As mentioned earlier, the PDR was the key process and documentation in terms of career path, career path opportunities, training and training opportunities, promotion and promotional opportunities. The respondent denied the complainant access to, or limited the complainant's access to, opportunities for promotion, transfer, and training (see section 15(2)(b)), in the way that it applied this procedure to her. The way the PDR procedure was applied to her meant that her feelings of isolation, exclusion, being a person apart, were intensified.

7.3 Ongoing employment, increasing sense of being a person apart and vulnerable, because the position of switchboard-operator/telephonist was subject to an increasing risk that it would be abolished, as it ultimately was, because of the reduction in the amount of work involved in the discharge of the duties of the job

Management noticed that, sometimes, the complainant was reading magazines. Mr Callinan tried to find something for her to do, in addition to the switchboard - telephonist duties. The experiment did not succeed, but it was not carried through to a satisfactory conclusion.
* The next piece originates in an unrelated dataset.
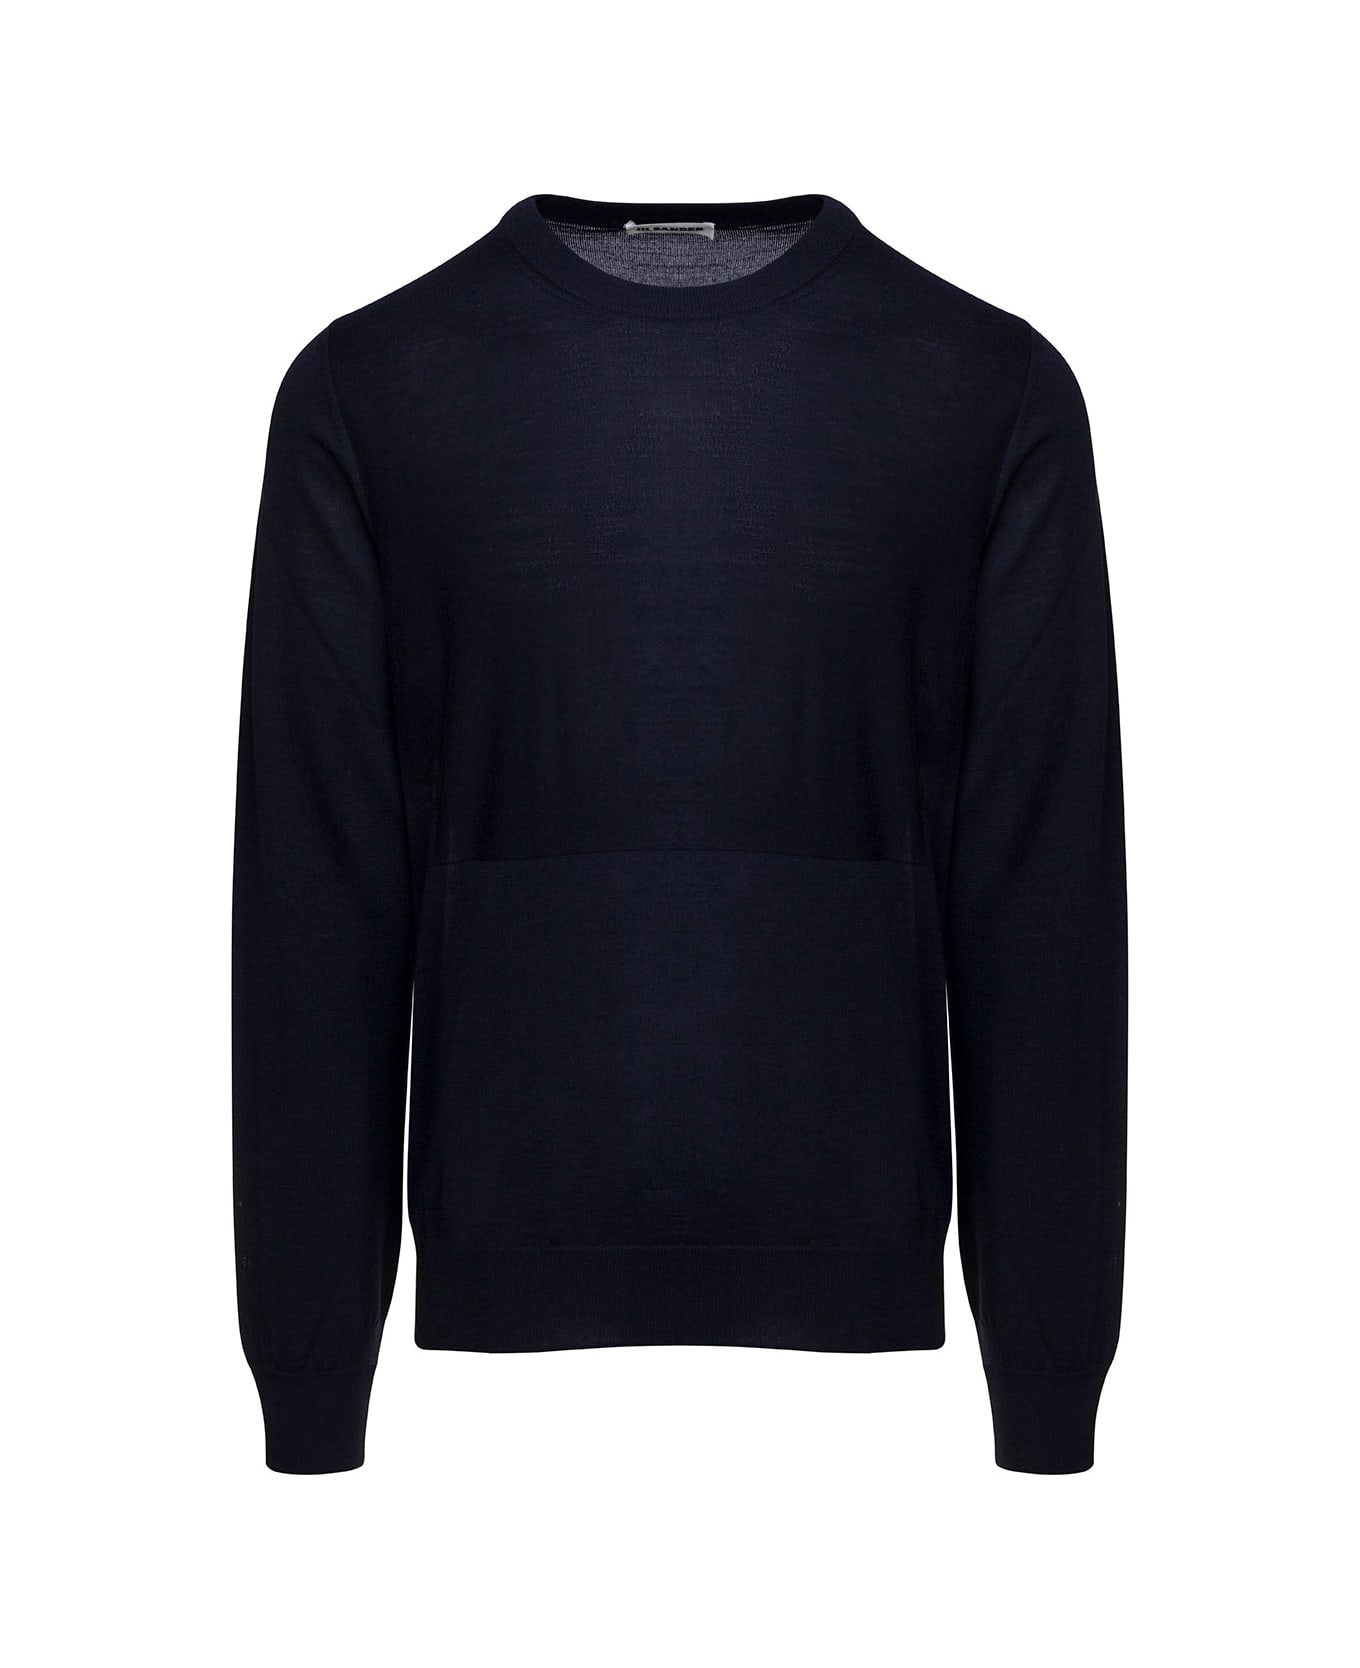 Jil Sander Blue Crewneck Sweater With Long Sleeves In Wool Man - Blu

She was not presented with the errors made and given an opportunity to correct them. No other steps were taken to see whether she could perform other, or additional, tasks. Thus, she was left with the work involved in her job diminishing, because of the downsizing, with the reasonably foreseeable prospect that the position would be abolished, leaving her without a job. This situation caused her stress. The complainant submits, correctly, that the way she was treated in the Callinan experiment amounted to discrimination. In the experiment she was not treated the same as an employee without a disability would, probably, have been treated, that is, "brought to task" for the errors and provided with guidance as to how the work should properly be done. In the circumstances, her situation contrasts with other employees who were given a choice of a "package" or contemplating extra/additional or other tasks in the Bank. They were also given an opportunity to reapply for their jobs. The complainant was told that there was no need for her to apply for her position, it was "secure". Ultimately, the complainant was offered a redundancy package but at a much later time, in 1996 and 1997.

The Commission accepts the complainant's submission that the approach of the respondent to her and her position reflects a discriminatory practice, well before the redundancy offer of 1996 and 1997.

The Commission is satisfied that, under this head also, the complainant has established a case of unlawful discrimination pursuant to sections 5, 10 and 15 (2)(a)(b) and (d) of the Act. The Commission accepts the following submission by the complainant. There were in fact three reasons for the complainant not being provided with opportunities for "on-going" employment with the respondent in the time of change, redundancies and "downsizing" and so on:

1. She was in the position of telephonist/switchboard-operator, which had limited opportunities and a limited career path;

2. She had a sight disability and, therefore, was in the limited position; and

3. Persons in managerial positions within the respondent had perceptions of her and her abilities, capabilities and capacities, because she was a person with a sight disability which meant that they did not provide her with opportunities or any real opportunities for ongoing employment.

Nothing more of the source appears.